Split the labeled data into a training set and a validation set, you can modify the variable `VAL_RATIO` to change the ratio of validation data.

In [18]:
VAL_RATIO = 0.01

percent = int(train.shape[0] * (1 - VAL_RATIO))
train_x, train_y, val_x, val_y = train[:percent], train_label[:percent], train[percent:], train_label[percent:]
print('Size of training set: {}'.format(train_x.shape))
print('Size of validation set: {}'.format(val_x.shape))

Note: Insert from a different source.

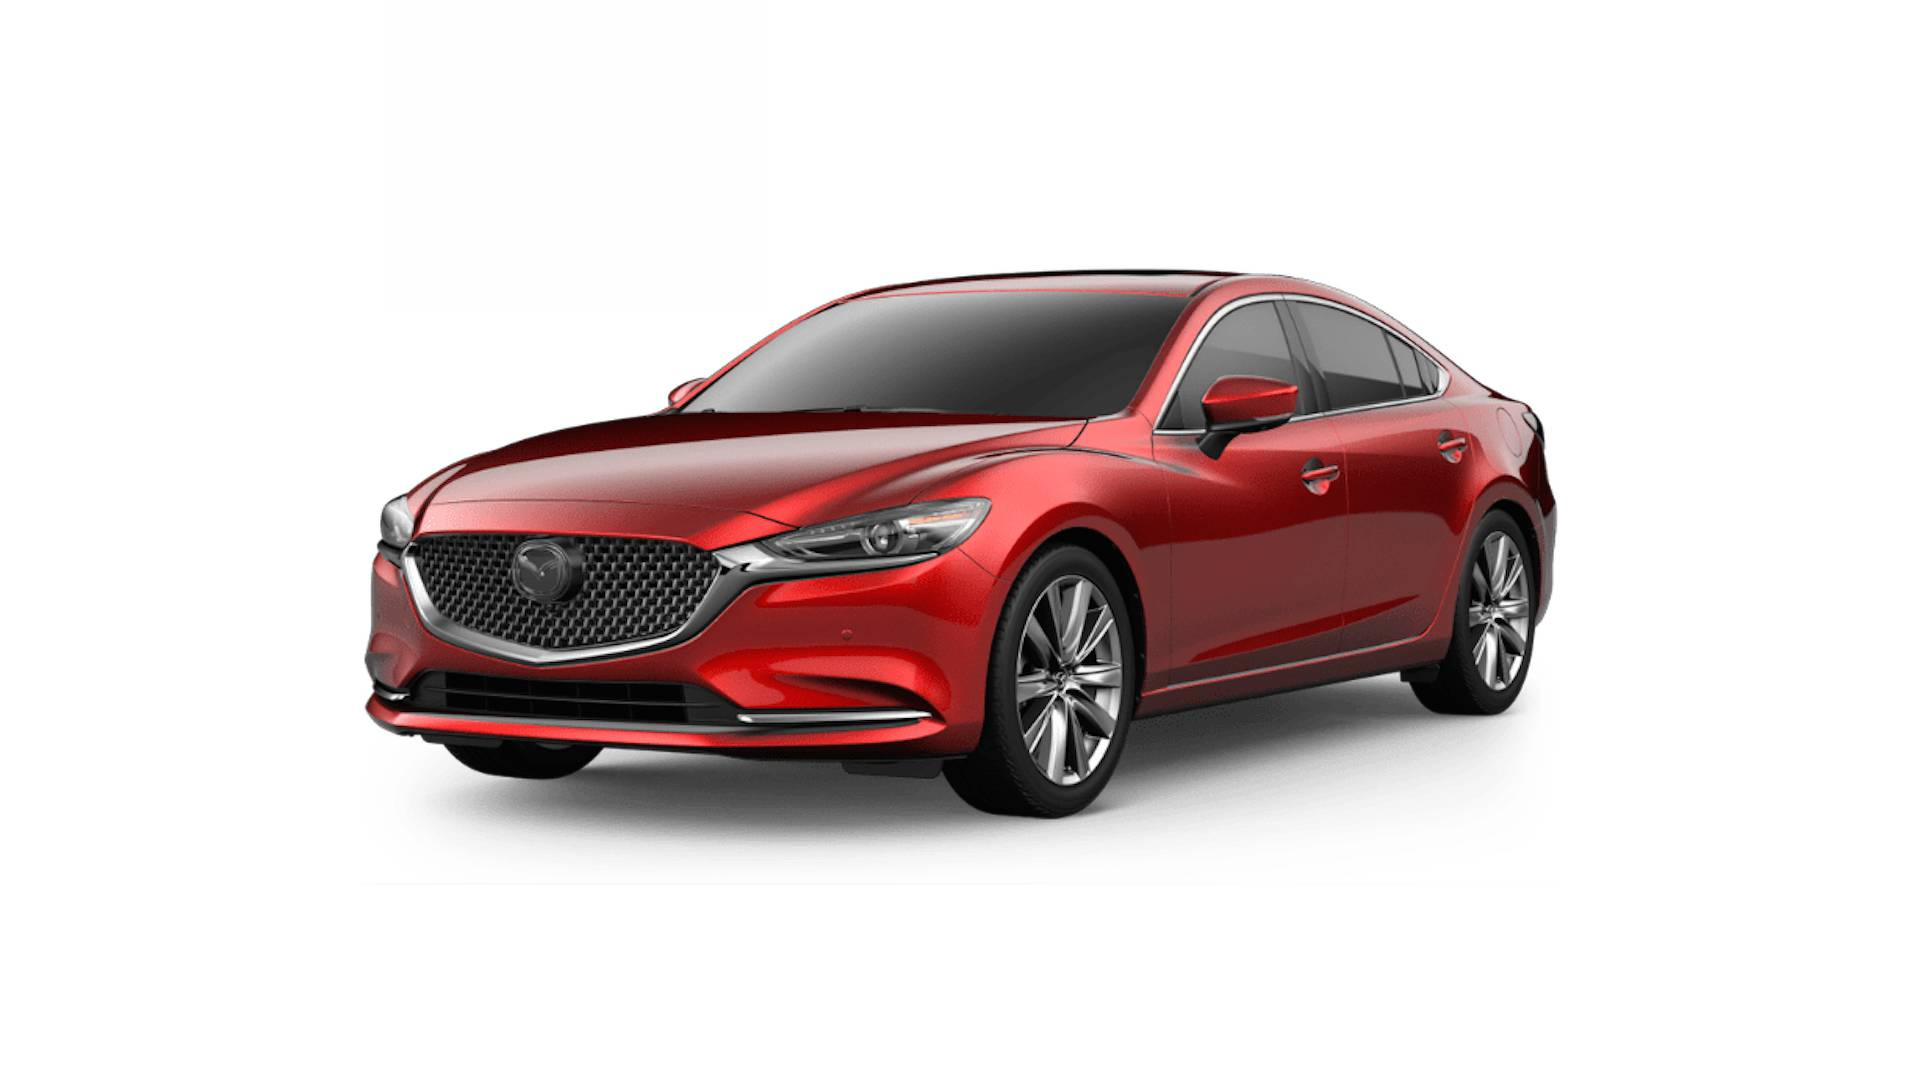 Kelebihan Mazda 2018 Harga

Size of training set: (913224, 11, 39)
Size of validation set: (9225, 11, 39)


Create a data loader from the dataset, feel free to tweak the variable `BATCH_SIZE` here.

In [19]:
BATCH_SIZE = 256

from torch.utils.data import DataLoader

train_set = TIMITDataset(train_x, train_y)
val_set = TIMITDataset(val_x, val_y)
train_loader = DataLoader(train_set, batch_size=BATCH_SIZE, shuffle=True) #only shuffle the training data
val_loader = DataLoader(val_set, batch_size=BATCH_SIZE, shuffle=False)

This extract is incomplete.